** RECORDS SHOWN follows **

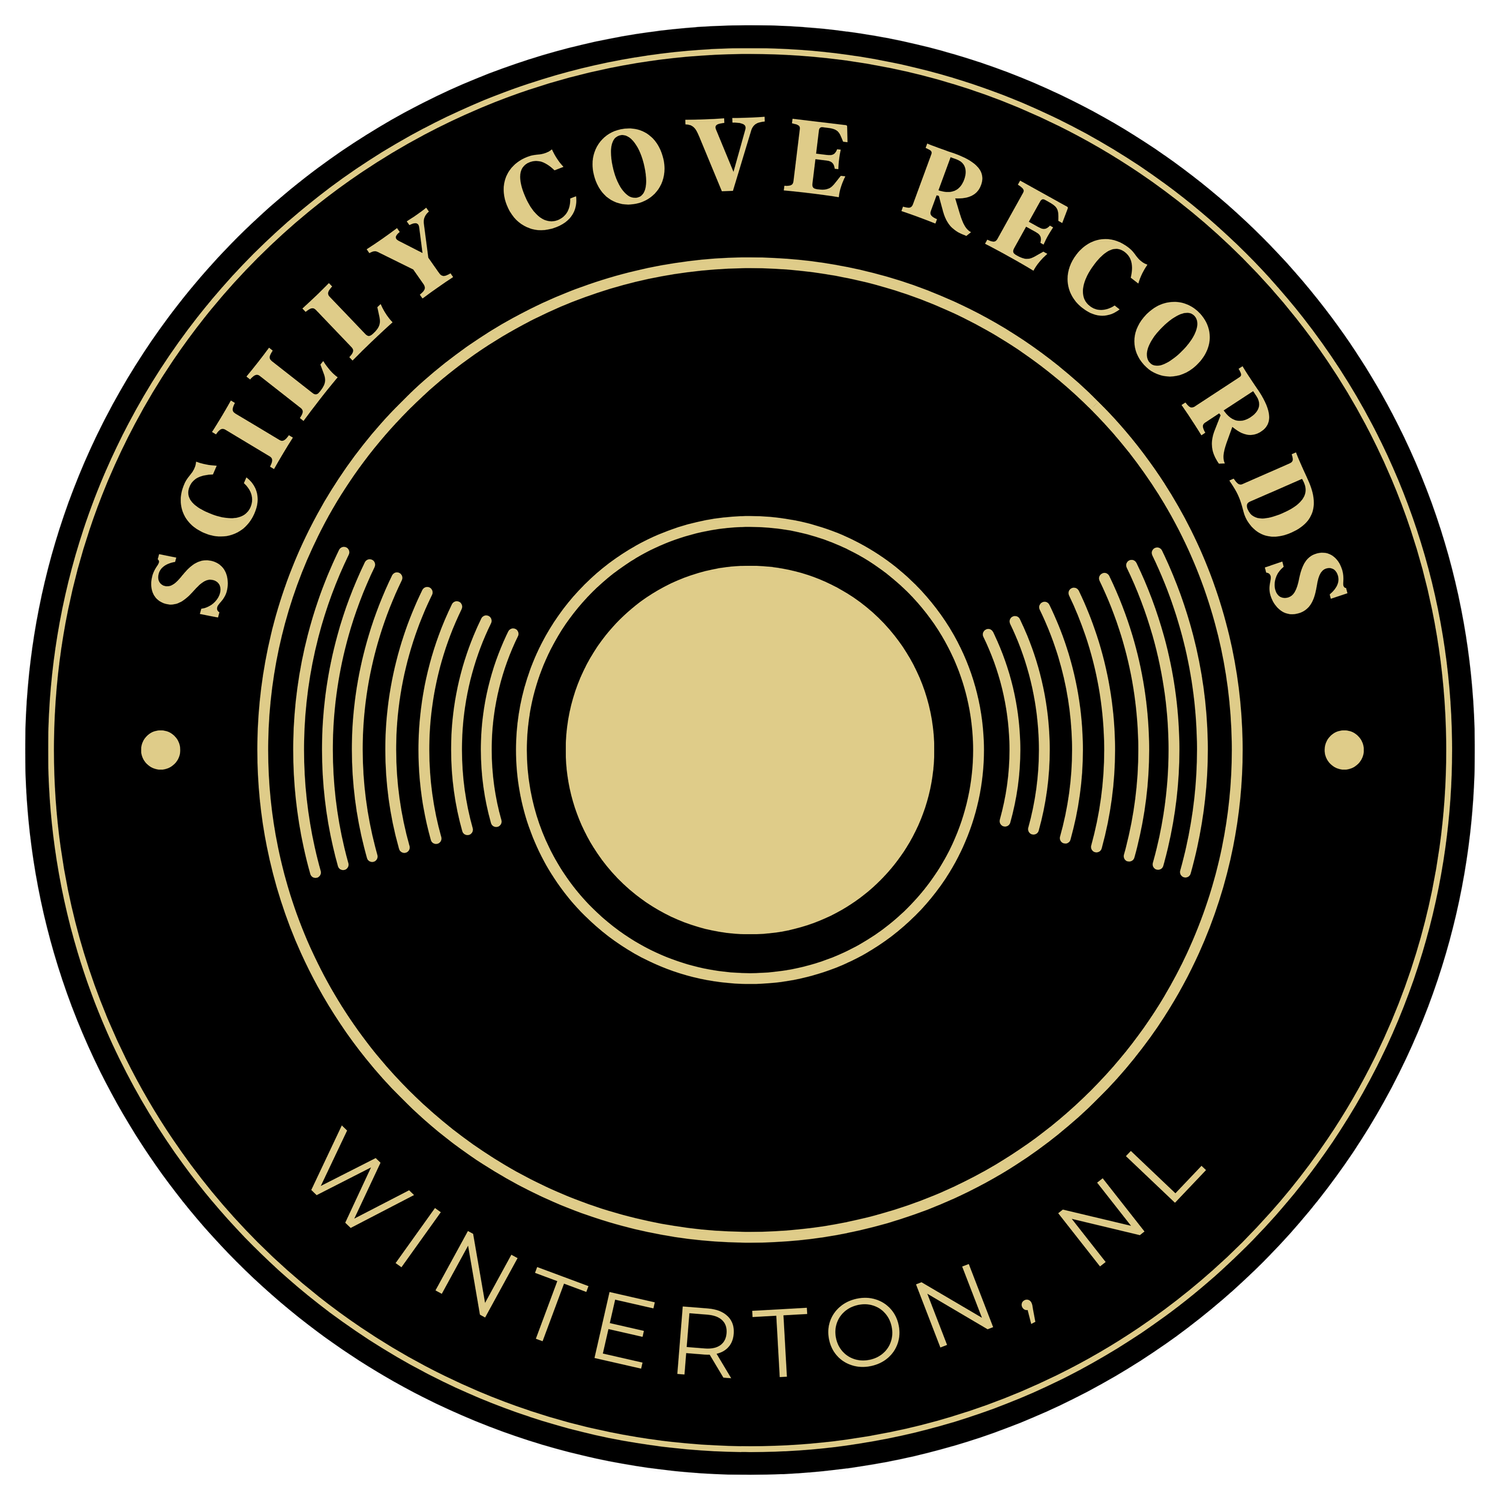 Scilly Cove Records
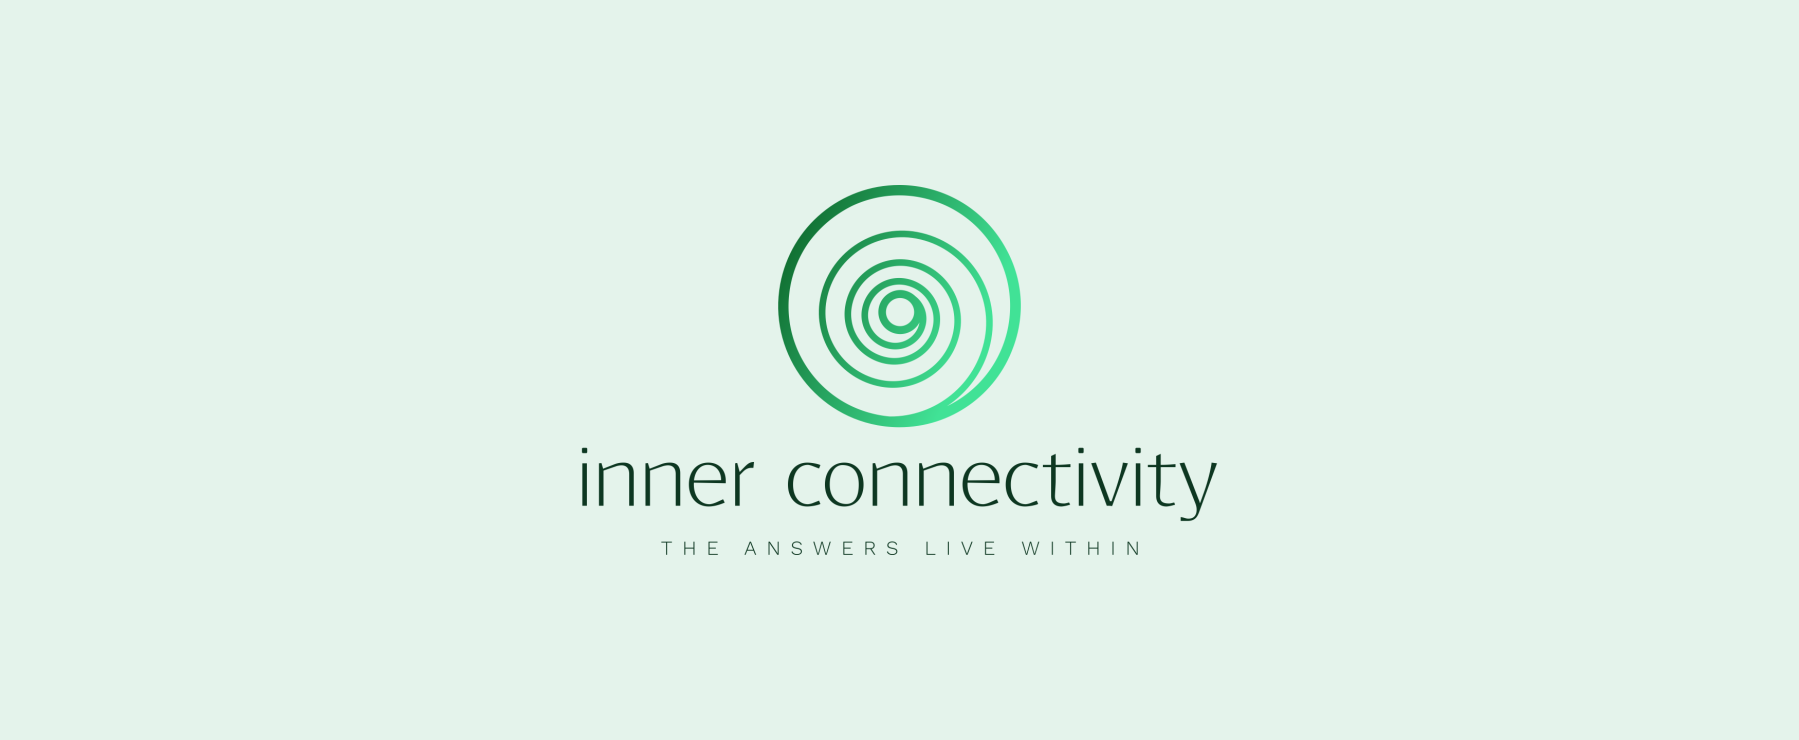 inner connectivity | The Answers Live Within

** End of RECORDS SHOWN **
** RECORDS SHOWN follows **

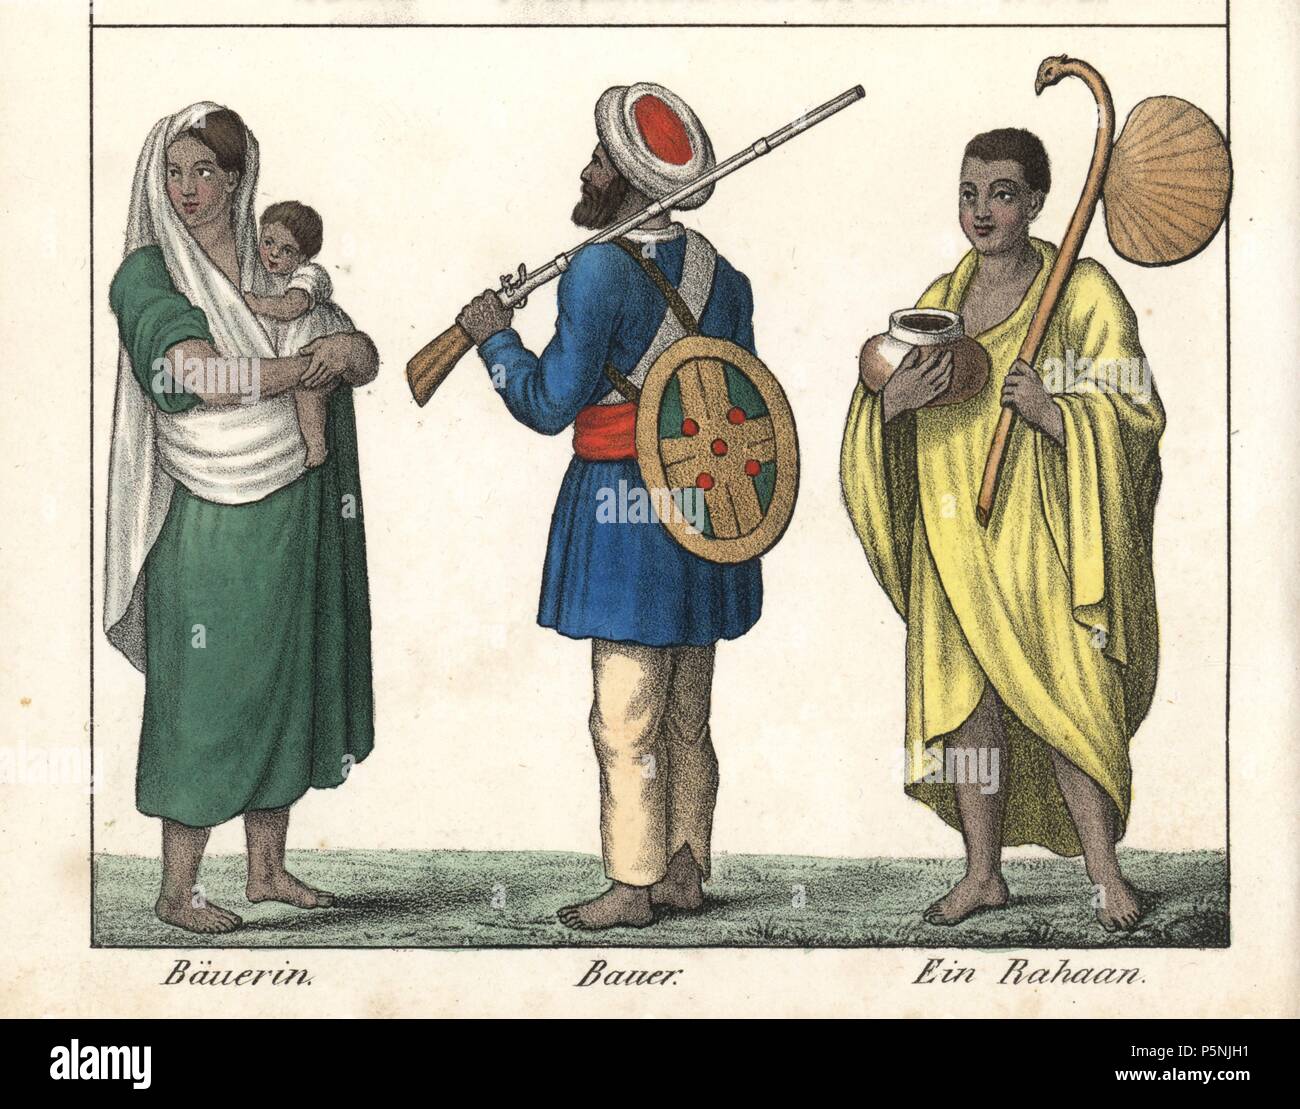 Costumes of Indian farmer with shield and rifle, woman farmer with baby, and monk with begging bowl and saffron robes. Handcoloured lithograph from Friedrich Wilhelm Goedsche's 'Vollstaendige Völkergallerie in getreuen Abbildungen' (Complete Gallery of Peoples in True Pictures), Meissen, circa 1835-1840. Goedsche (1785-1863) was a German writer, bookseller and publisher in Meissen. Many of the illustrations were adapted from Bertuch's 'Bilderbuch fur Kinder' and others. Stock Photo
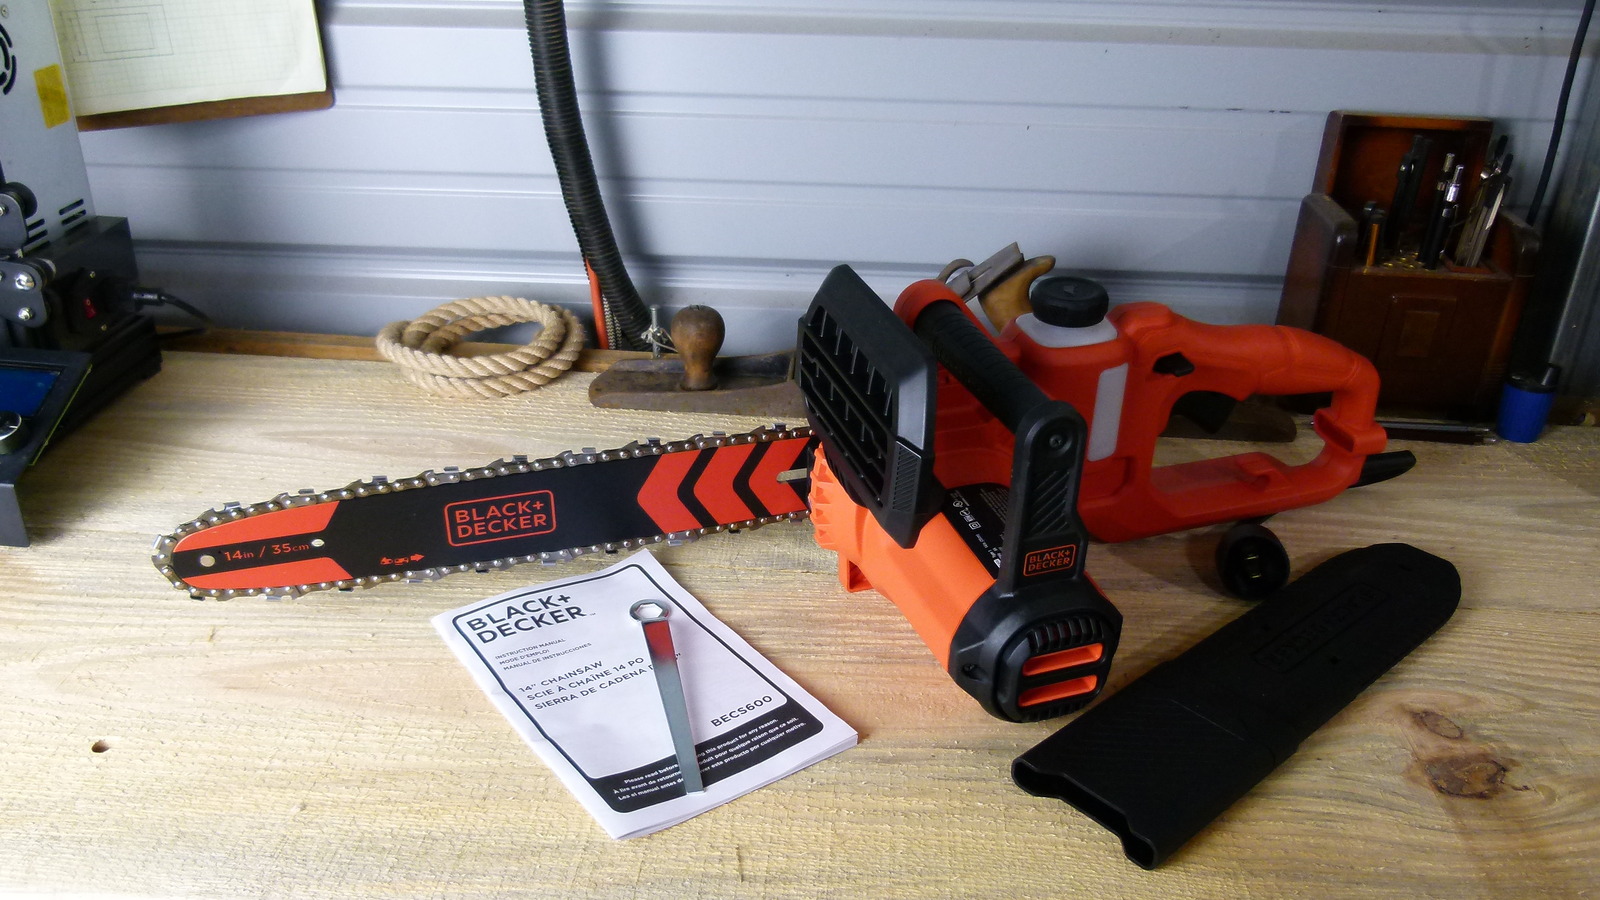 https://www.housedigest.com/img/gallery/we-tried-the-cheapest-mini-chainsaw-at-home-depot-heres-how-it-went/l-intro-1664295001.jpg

** End of RECORDS SHOWN **

DIRECTIONS FOR THIS TASK: Please return the data above exactly as it stands from the line with "Scilly Cove Records" to the line with "inner connectivity | The Answers Live Within", keeping both of those lines but none of the pictures.

WRITTEN SOLUTION:
 Scilly Cove Records
 inner connectivity | The Answers Live Within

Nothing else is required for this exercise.